Since the 1990s, the evidence-based education movement has relied heavily on randomized controlled trials (RCTs) and meta-analyses to claim “what works.” Inspired largely by medicine, these methods have become dominant despite:
Weak fit with educational complexity
Frequent misapplication
Major issues with contextual validity
The author reviews leading studies and meta-analyses on AI-driven learning tools, especially intelligent tutoring systems. Their results sound promising but only on the surface. When corrected for bias, poor methods, small samples, and brief interventions, the effect of AI on learning approaches is a near-zero impact. An example is the Morrison et al. (2024) report a +0.12 effect size in math statistically small and educationally modest.

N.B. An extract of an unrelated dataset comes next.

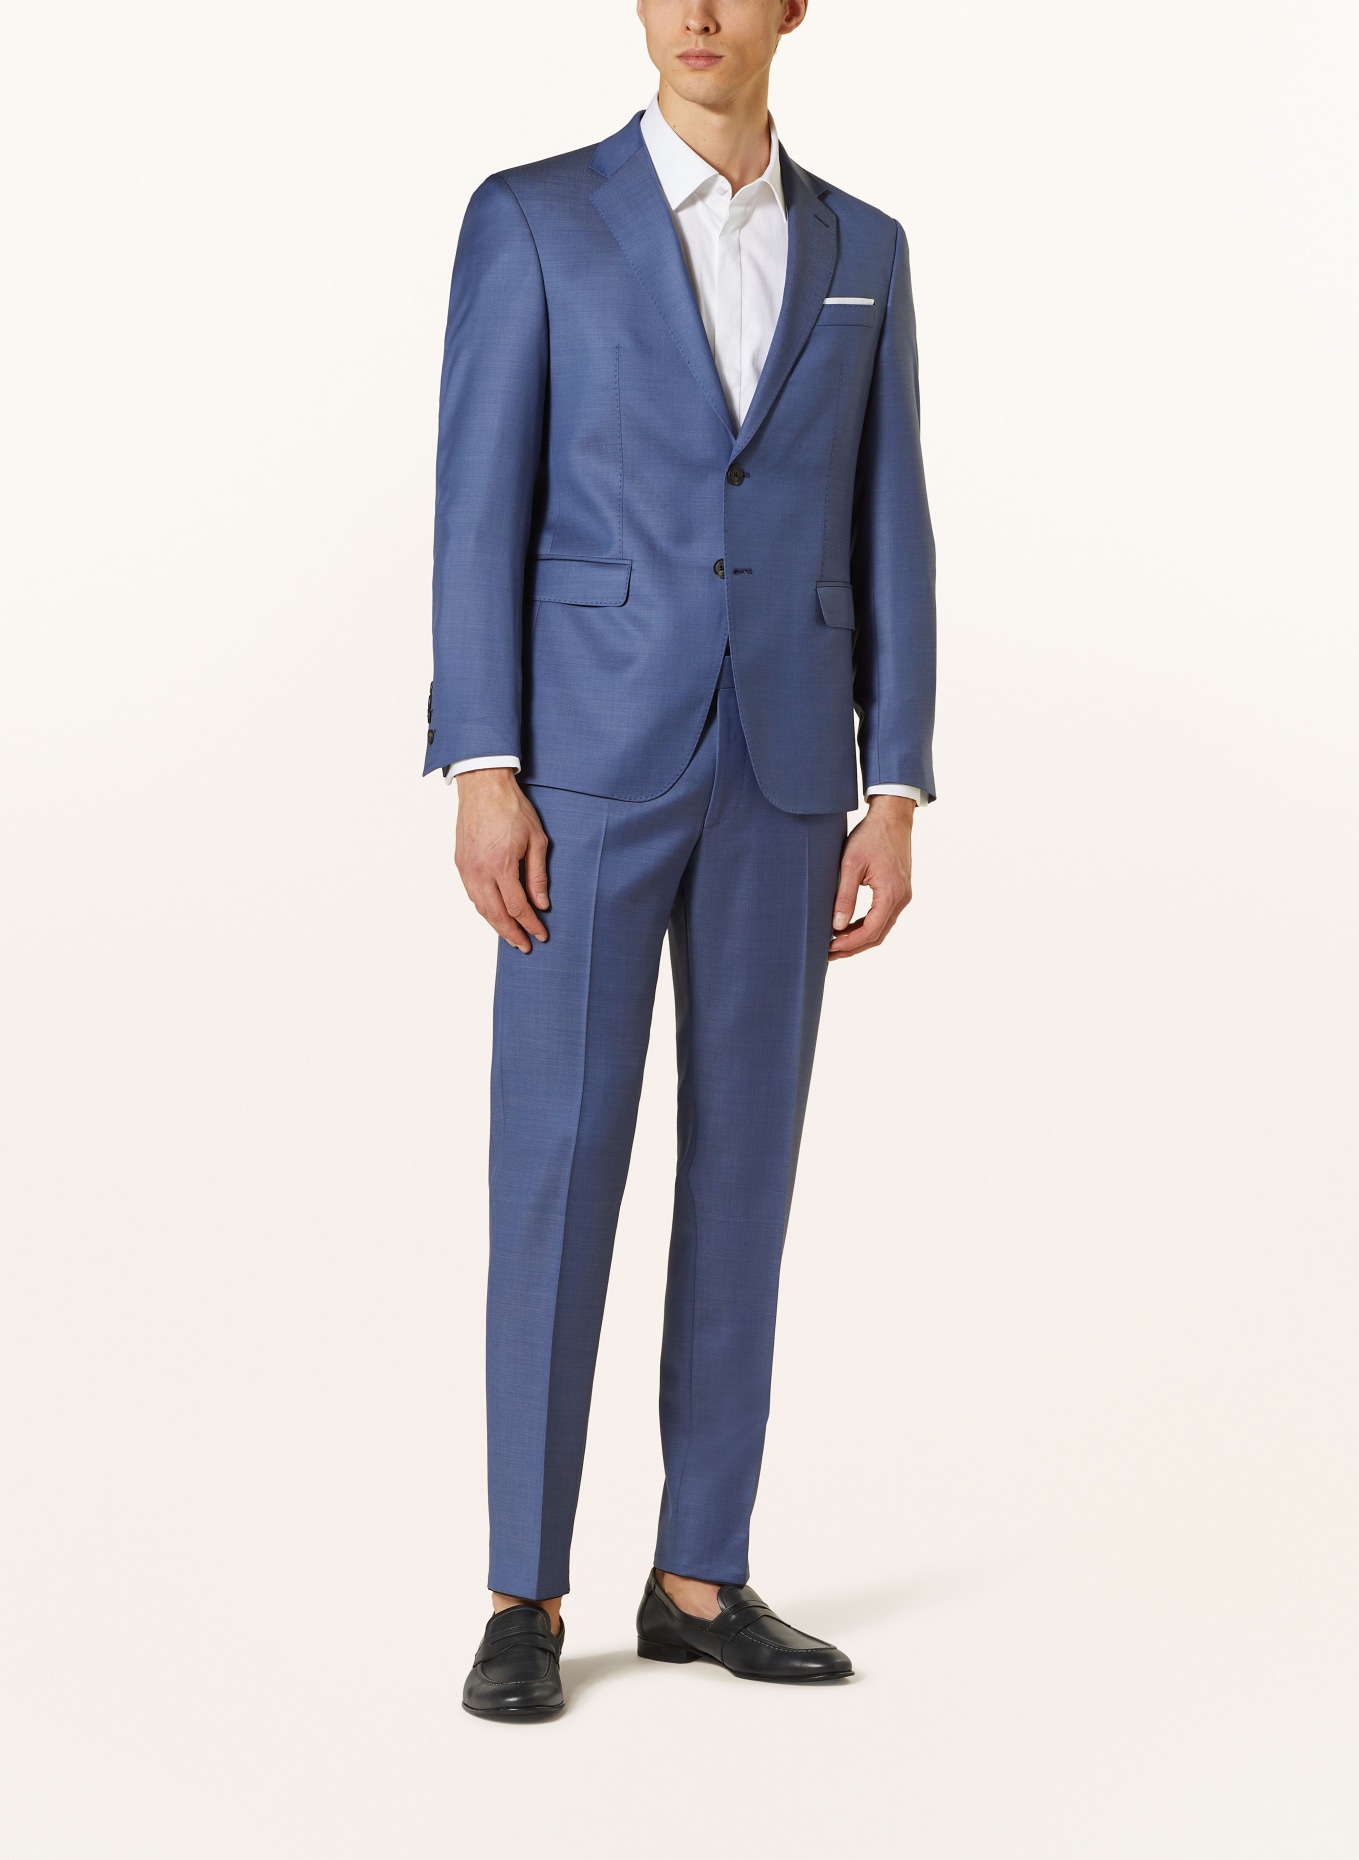 JOOP! Suit HERBY slim fit, Color: 410 Navy                       410 (Image 2)

Other meta-analyses, once filtered for rigor, reveal almost no consistent impact at all.
These findings contradict a persistent myth rooted in Bloom’s “2-sigma problem” the belief that personalized tutoring can produce massive learning gains (effect size +2.0). Tuomi calls this contradiction the “Bloomian paradox” of AI in education: The gold standard of RCTs cannot meaningfully test a personalized AI intervention—because personalization violates statistical assumptions.
Tuomi shows that many recent AI-in-education studies:
Use low-quality experimental designs
Treat speculative potential as actual proof
Conflate usability with learning impact
Rely on wildly heterogeneous samples
Equate “AI was used” with “AI worked”
Even rigorous meta-analyses are often built on incoherent foundations—mixing different populations, tools, learning outcomes, and contexts. The result is that policymakers think strong evidence exists where it does not.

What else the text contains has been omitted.